Camshaft (And Other Things) Part Deux

Well, I know I said I'd have it all back together in this episode, but nah.  I did make some progress.

Having extracted the cam and lifters, I took a closer look.  Not good.

I decided that since I was already this far, I'd take a look at the main and rod bearings to judge if they had been worn due to my little cam problem and the lack of oil pressure at startup.  I pulled the center main bearing, and while they aren't "bad", they aren't great either.  I see a little bit of stuff.  It could be much worse.

You can see some wear in a couple of spots.  The crank journal looks okay, though.

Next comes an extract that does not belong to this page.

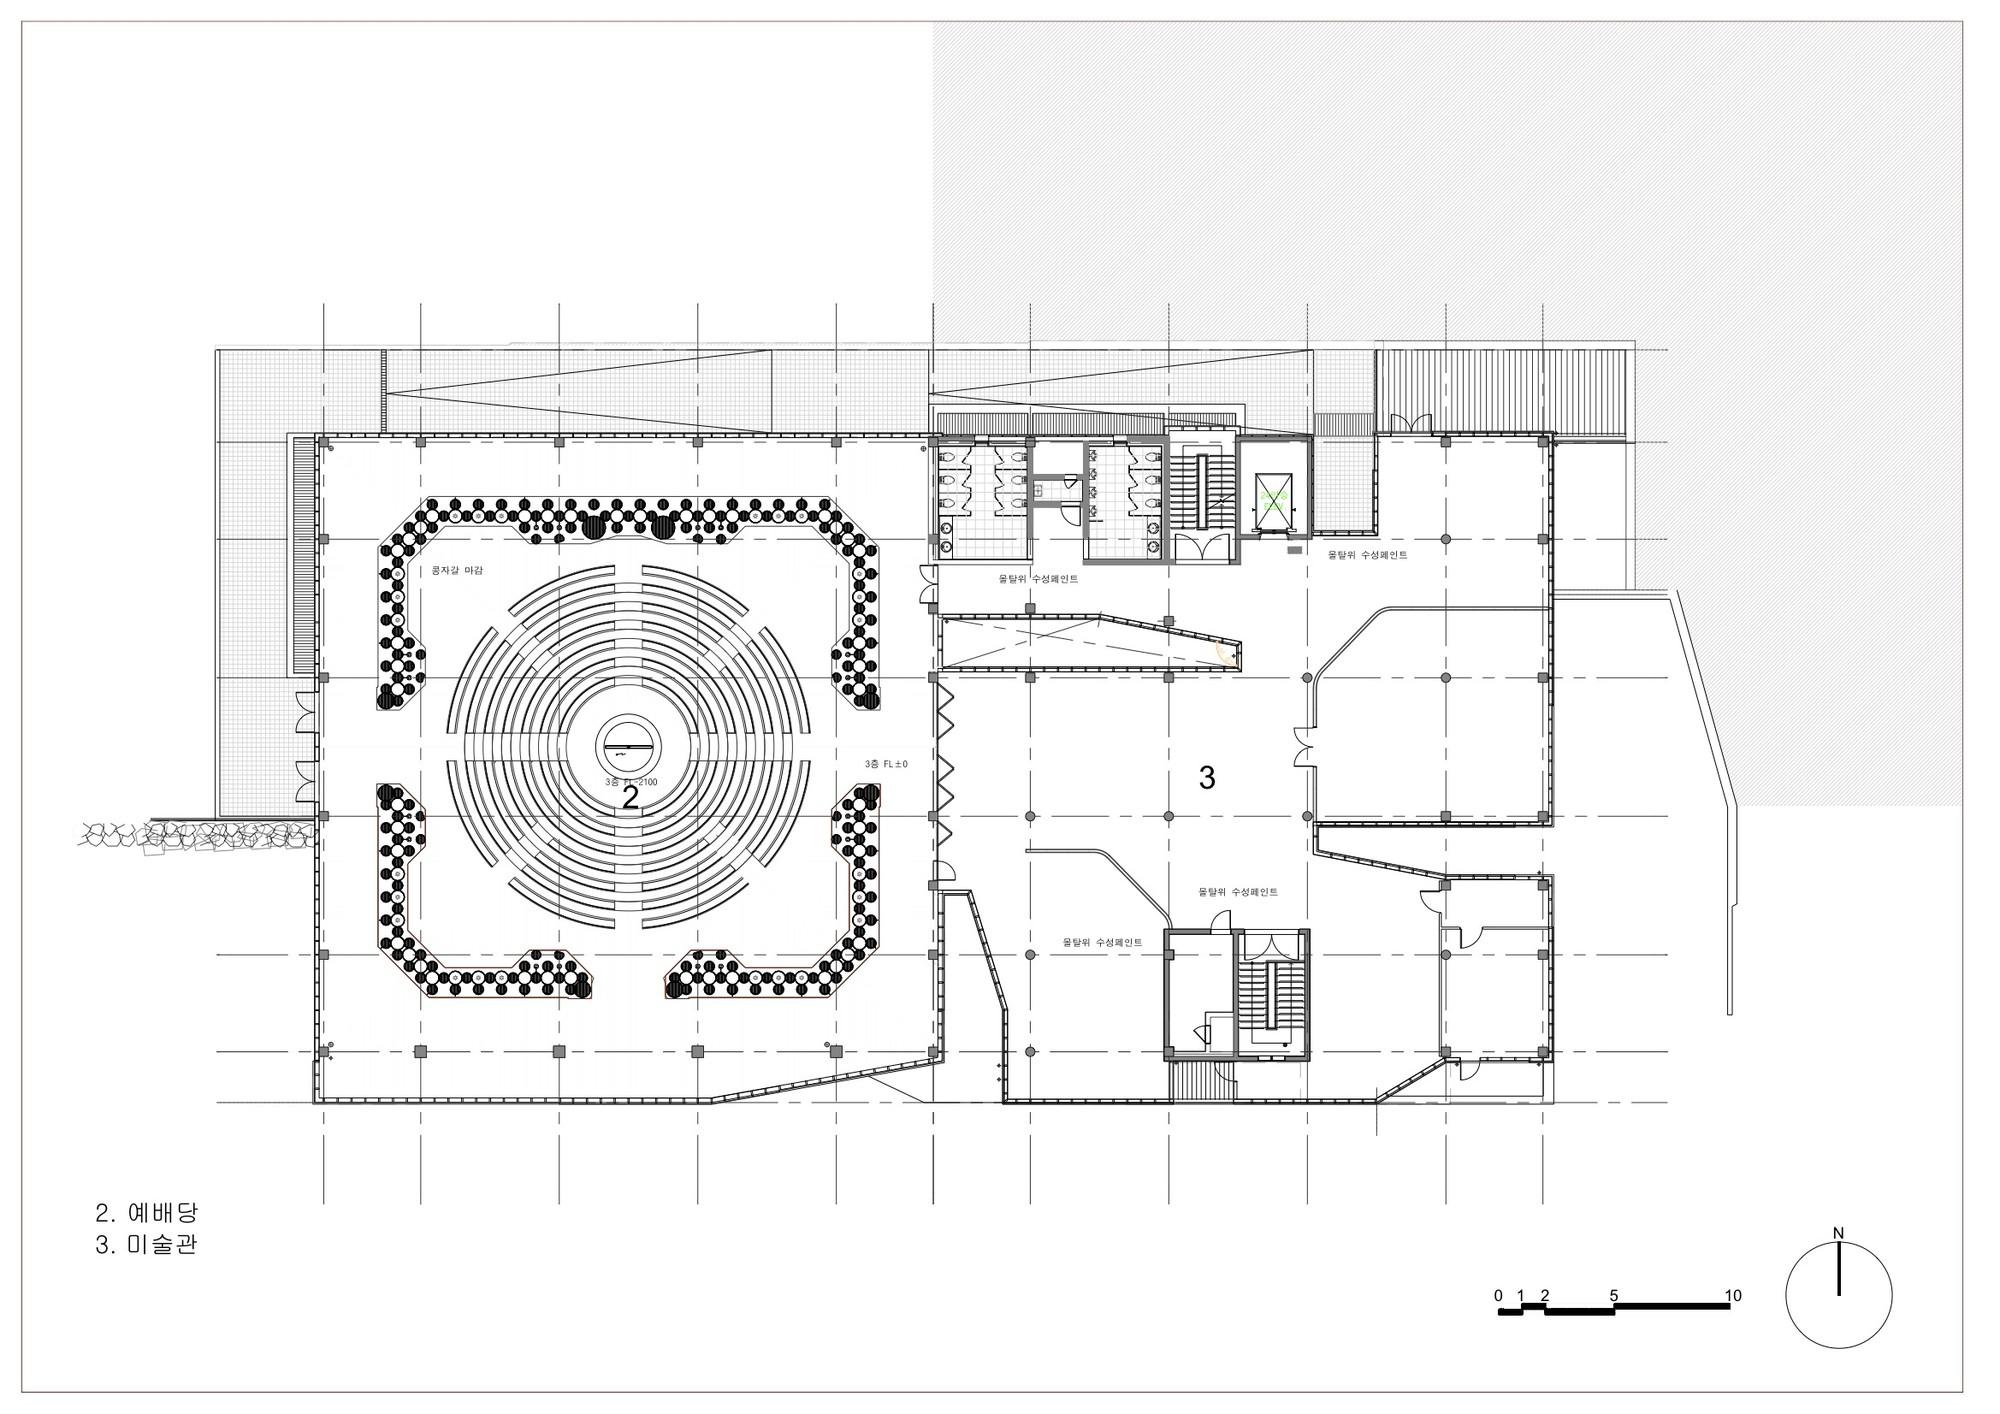 Ordinary Church Of Light Floor Plan Part - 9: Light Of Life Church / Shinslab Architecture + IISAC. 23 / 34. Floor Plan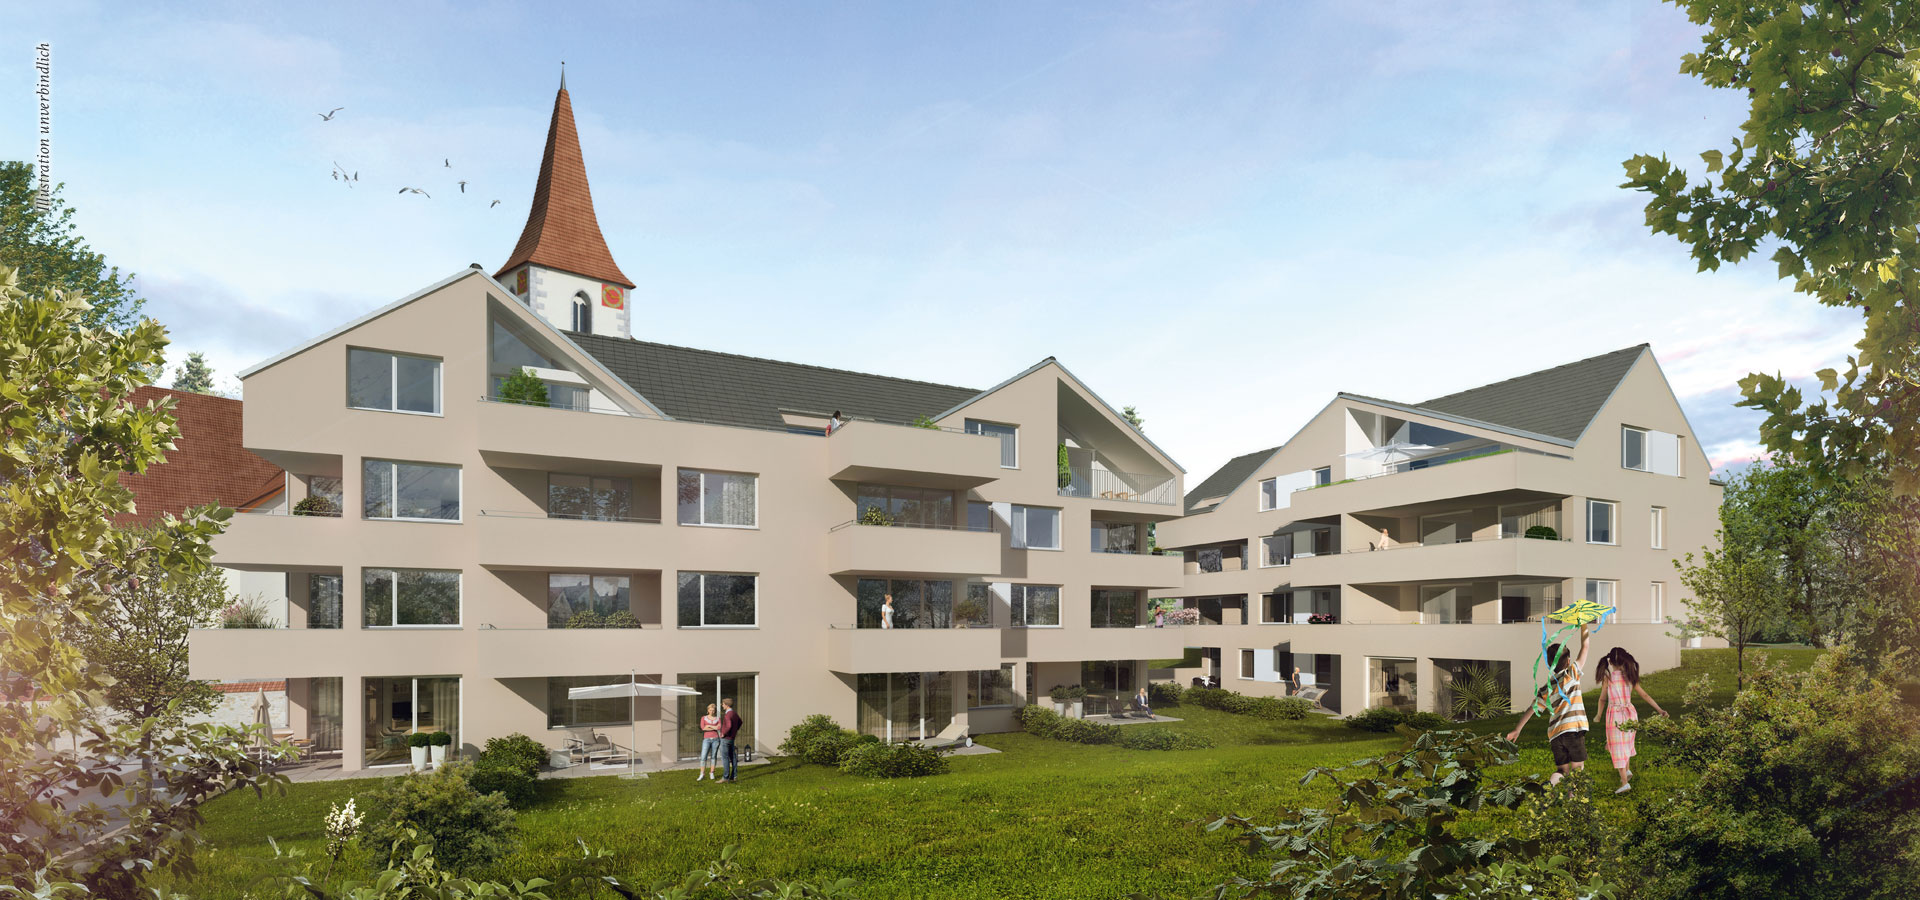 Wohnhaus Adler GmbH

The $64,000 question was how I was going to get the bearing out with the crankshaft in place.  I tried a popsicle stick, but it didn't have enough flexibility to be able to push the bearing shell all the way around.  But I did have bearing shells... the ones I was removing!  So I cut one down carefully and filed the end.  This gave me about 1/4" of room to be able to push on the shell (with a wooden dowel) and spin the old shell right out.  It worked a treat.  Then, I lubed up the journal and bearing and rotated the new bearing into position, which pushed my cut-down bearing shell back out and into my hand.

I was only able to get to the front and center main bearings.  The rear main bearing cap is trapped by the rear plate where the transmission is, and I wasn't able to maneuver it out of the way.  So that bearing has to stay until I pull the engine someday.  But given the other two bearings weren't significantly worn, I'm gonna have to be okay with that.

Replacing the big end (rod) bearings was pretty easy.  That's as simple as removing the cap, pushing the piston and rod up enough to move the crank out of the way, and popping the bearing shell out.  Putting it back is about as easy.  It's not THAT easy to do while lying on your back, but it wasn't bad.

Once they were all replaced, I gave them a once-over and wasn't terribly disappointed.  There is wear, more than I like, but there are no streaks or gouges indicating metal was trapped in the bearings.  So I feel better.  Hopefully solving my oil prime issue will minimize this problem in the future.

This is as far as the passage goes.